In your last line you have
a = 30, d = -2
but you had found d = -10, which is correct
so a = 30, d = -10
sum(n) = (n/2)(2a + (n-1)d ) , you should know that formula
sum(15) = (15/2)(60 + 14(-10))
= -600
Like it thanks
To find the sum of the first 15 terms of an arithmetic progression, you can use the formula for the sum of an arithmetic series:
Sn = n/2(2a + (n-1)d)
Where:
- Sn is the sum of the first n terms,
- a is the first term,
- d is the common difference, and
- n is the number of terms.
In this case, we know that:
- a = 30 (from part a),
- d = -2 (from part a), and
- n = 15 (we want to find the sum of the first 15 terms).

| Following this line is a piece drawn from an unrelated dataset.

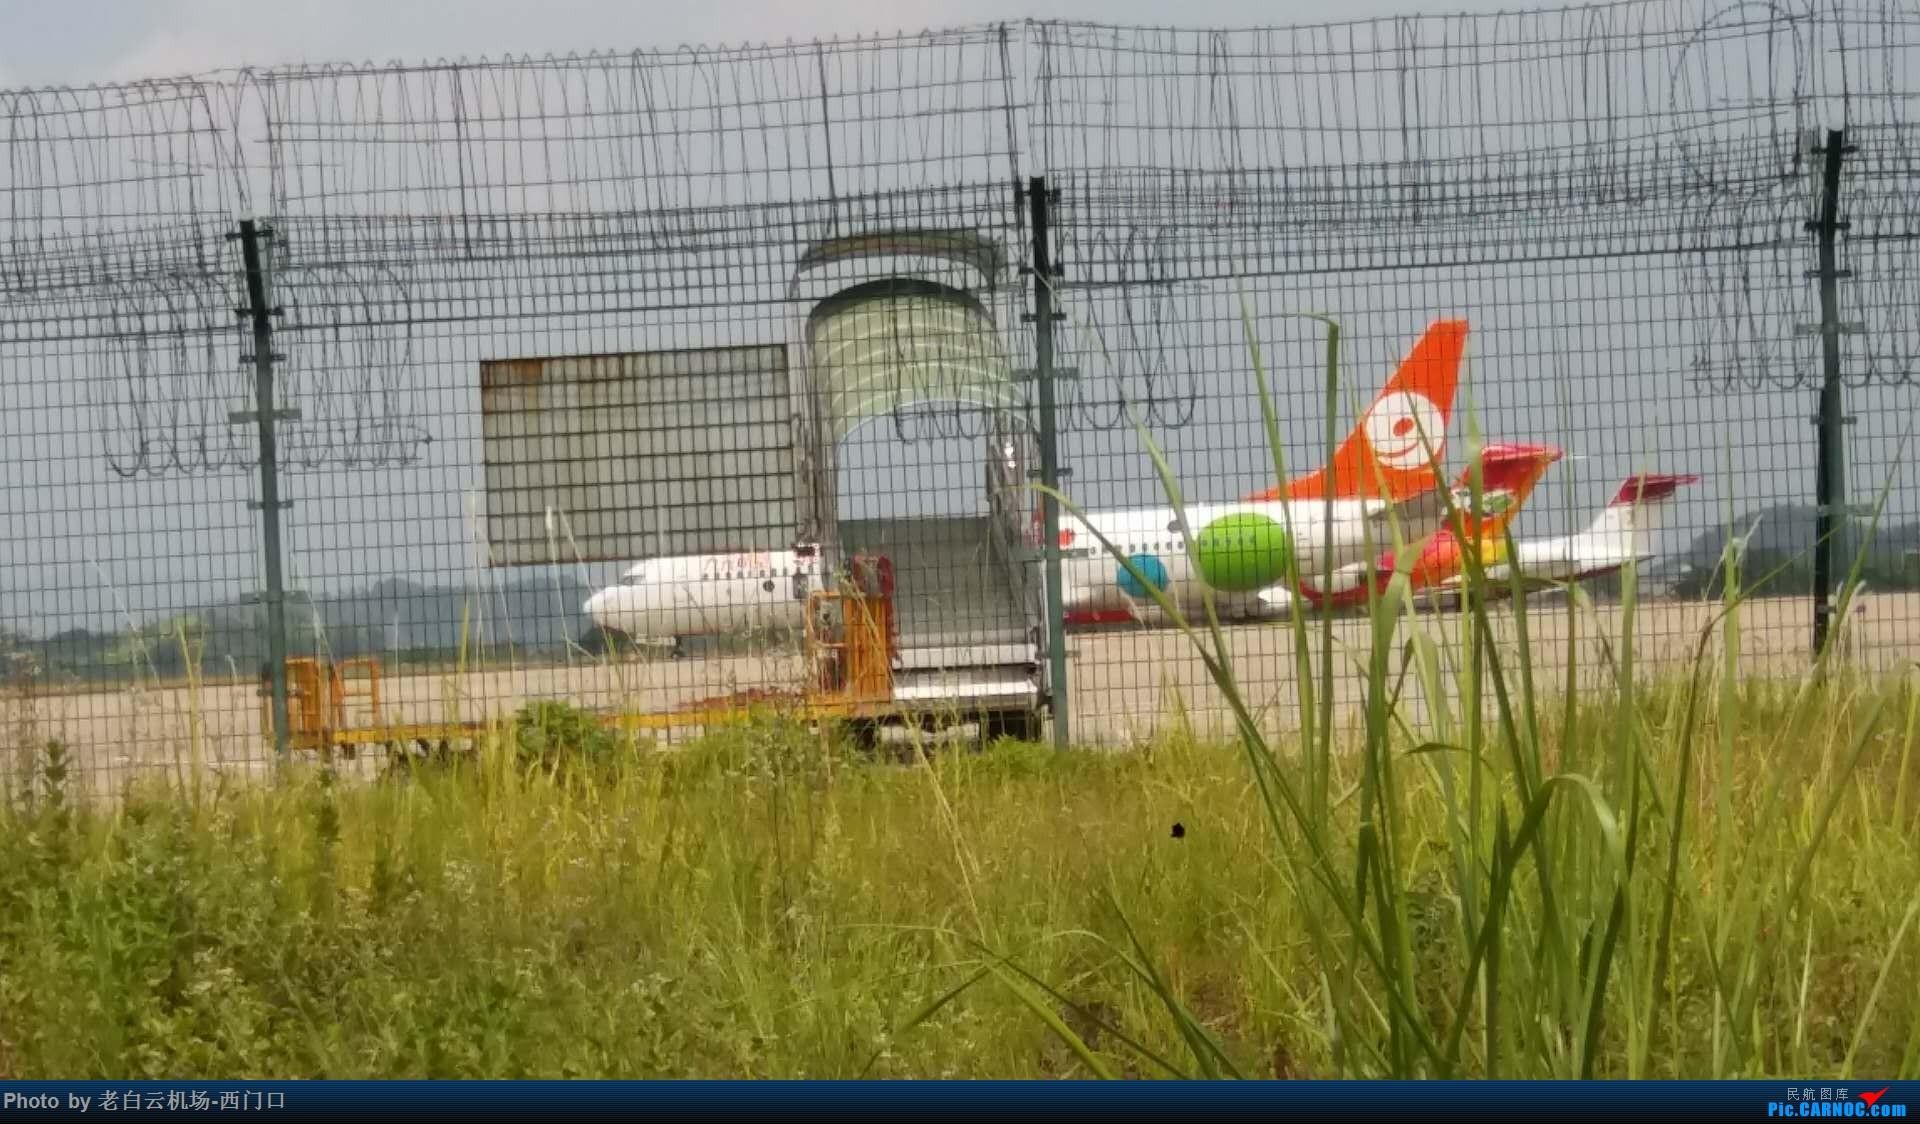 Re:[原创]【梁泽希拍机故事7】2018年第六次拍机 BOEING 737-800 B-1556 中国揭阳潮汕国际机场
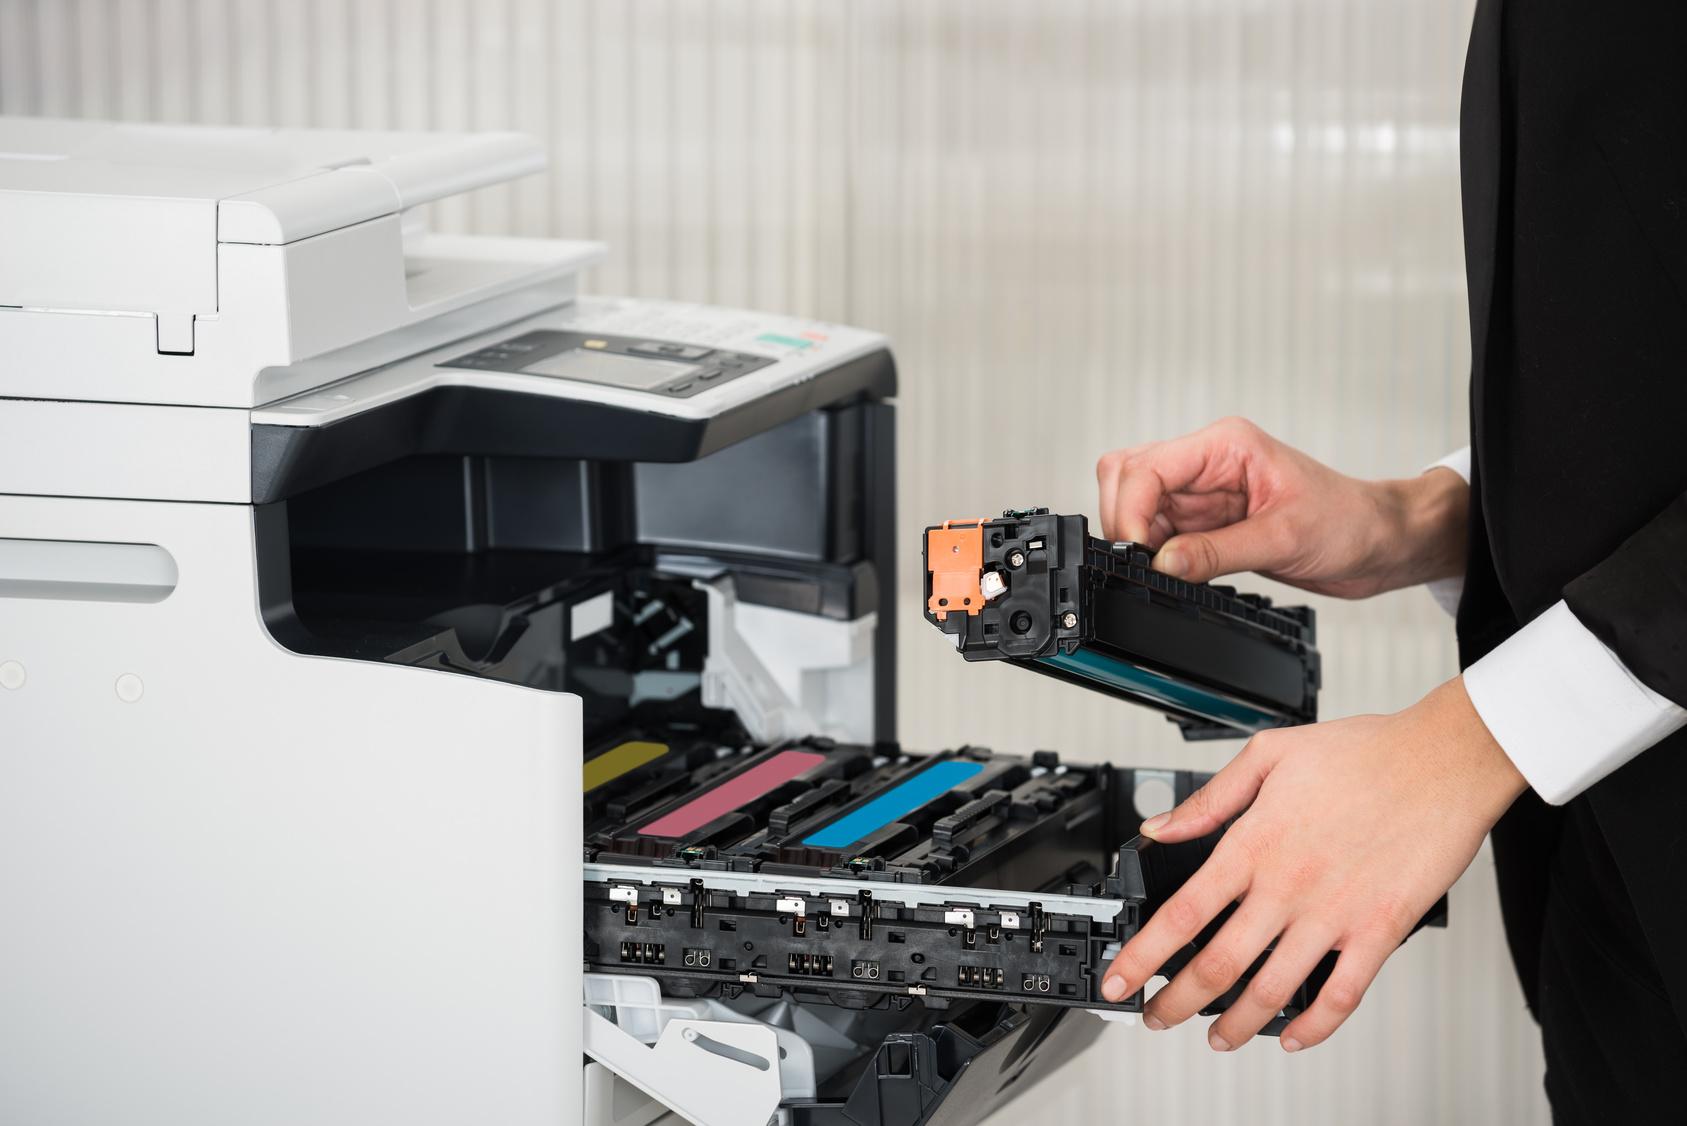 Instalacion de los toner en la impresora

Plugging these values into the formula, we get:
S15 = 15/2(2(30) + (15-1)(-2))
Simplifying further:
S15 = 15/2(60 + 14(-2))
S15 = 15/2(60 - 28)
S15 = 15/2(32)
S15 = 15/2 * 32/1
S15 = 240
Therefore, the sum of the first 15 terms of the arithmetic progression is 240.
To find the sum of the first 15 terms of an arithmetic progression, you can use the formula:
Sn = (n/2)(2a + (n-1)d)
Where:
- Sn represents the sum of the first n terms
- n represents the number of terms
- a represents the first term
- d represents the common difference
In this case, you know that the first term (a) is 30 and the common difference (d) is -10.
Now, substitute these values into the formula and solve for Sn:
Sn = (15/2)(2(30) + (15-1)(-10))
= (15/2)(60 + 14(-10))
= (15/2)(60 - 140)
= (15/2)(-80)
= 15 * -40
= -600
Therefore, the sum of the first 15 terms of this arithmetic progression is -600.